300 mg of caffeine is roughly equivalent to:
Four average cups or three average mugs of instant coffee
Three average cups of brewed coffee
Six average cups of tea
Eight cans of regular cola drinks
Four cans of so-called "energy" drinks
400g (eight standard 50g bars) of normal chocolate
Caffeine content in a cup of tea or coffee varies by different brands and brewing methods
Source: Food Standards Agency

They asked the women to provide a detailed diary about their caffeine intake up to their 20th week of pregnancy.
When they compared this information with how many of the women had miscarried by 20 weeks gestation, 172 of the women in total, they found a link.
Compared with non-users, women who consumed up to 200mg of caffeine a day had an increased risk of miscarriage - 15% versus 12%.
For women who drank more than 200mg, the risk increased to 25%.
Abstinence
The increased risk appeared to be related to the caffeine itself, rather than other coffee ingredients because other caffeinated beverages such as tea and hot chocolate showed a similar trend to coffee.
Caffeine is able to cross the placenta to the foetus, but it is not clear what affect this has on the growing baby.
Dr Li said: "The main message for pregnant women from these findings is that they probably should consider stopping caffeine consumption during pregnancy."

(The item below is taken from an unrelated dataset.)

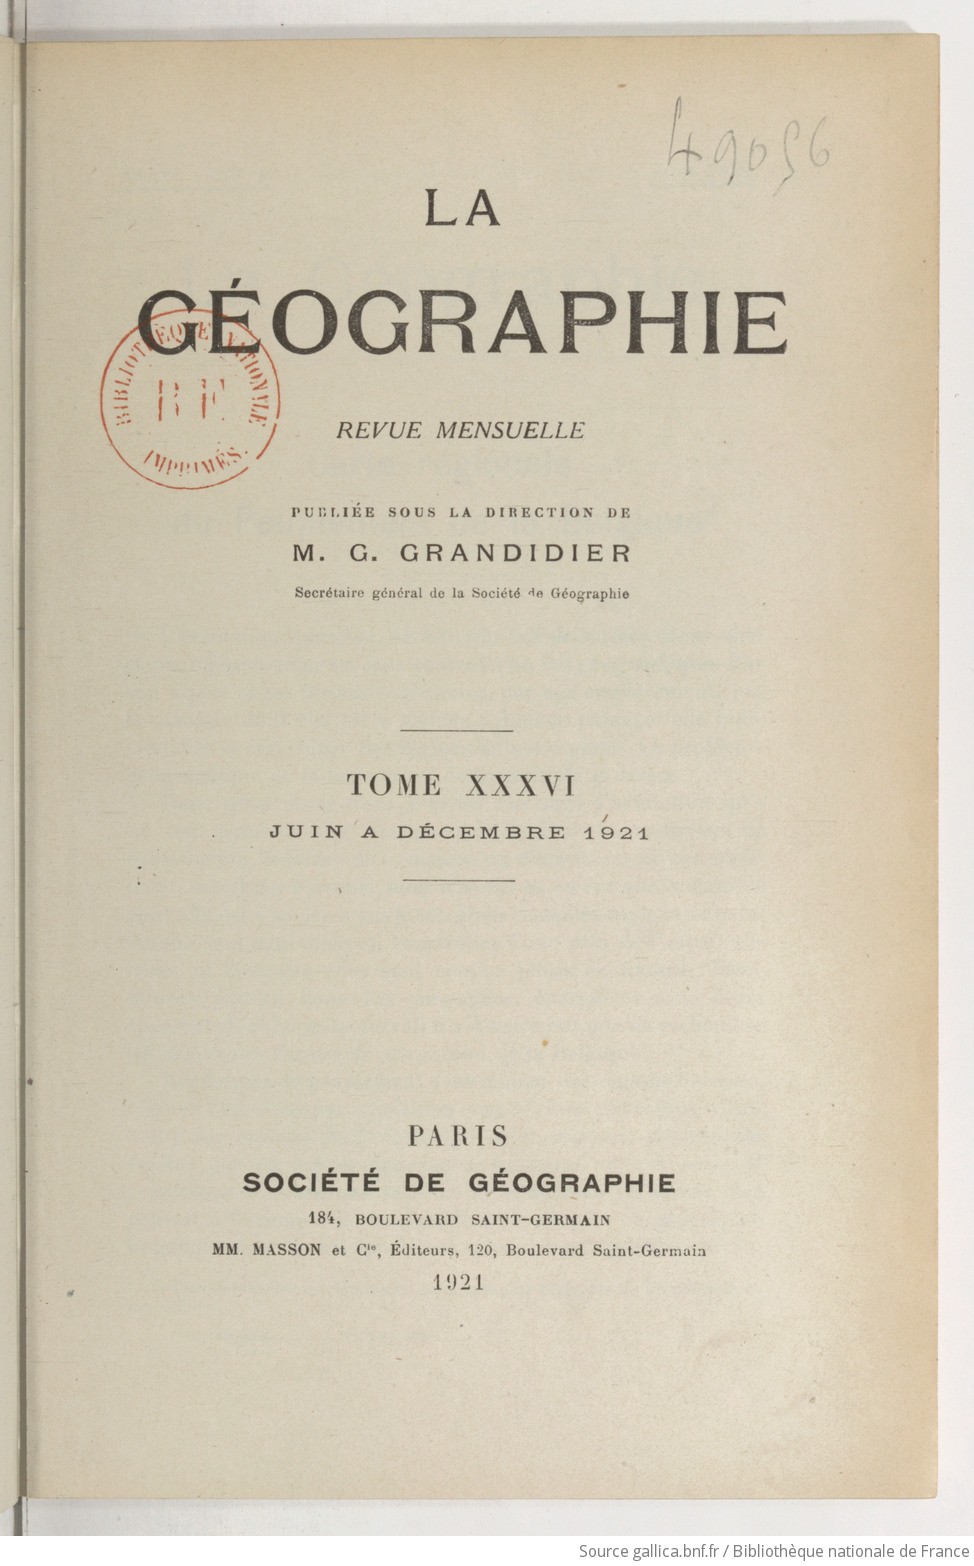 La Géographie : bulletin de la Société de géographie / publié par le baron Hulot,... et Charles Rabot,...

Zoe Wheeldon from the British Coffee Association said the latest research, although well designed and robust, did not change the current Food Standards Agency recommendation of a safe upper limit of 300mg of caffeine per day for pregnant women.
"This evidence must be reviewed in conjunction with existing research and it is important to review all the available data rather than taking one study in isolation."
A spokesman from the Food Standards Agency said: "In order to provide a more robust basis for the FSA's advice to pregnant women on caffeine consumption, an FSA-funded study, involving around 2,500 pregnant women, was commissioned in 2003.
"This is almost complete and the results will be presented to the Committee On Toxicity in closed session for consideration.
"We will ask the committee to also look at this new American study. When the committee has reached conclusions the agency will, if appropriate, revise its advice on caffeine consumption in pregnancy."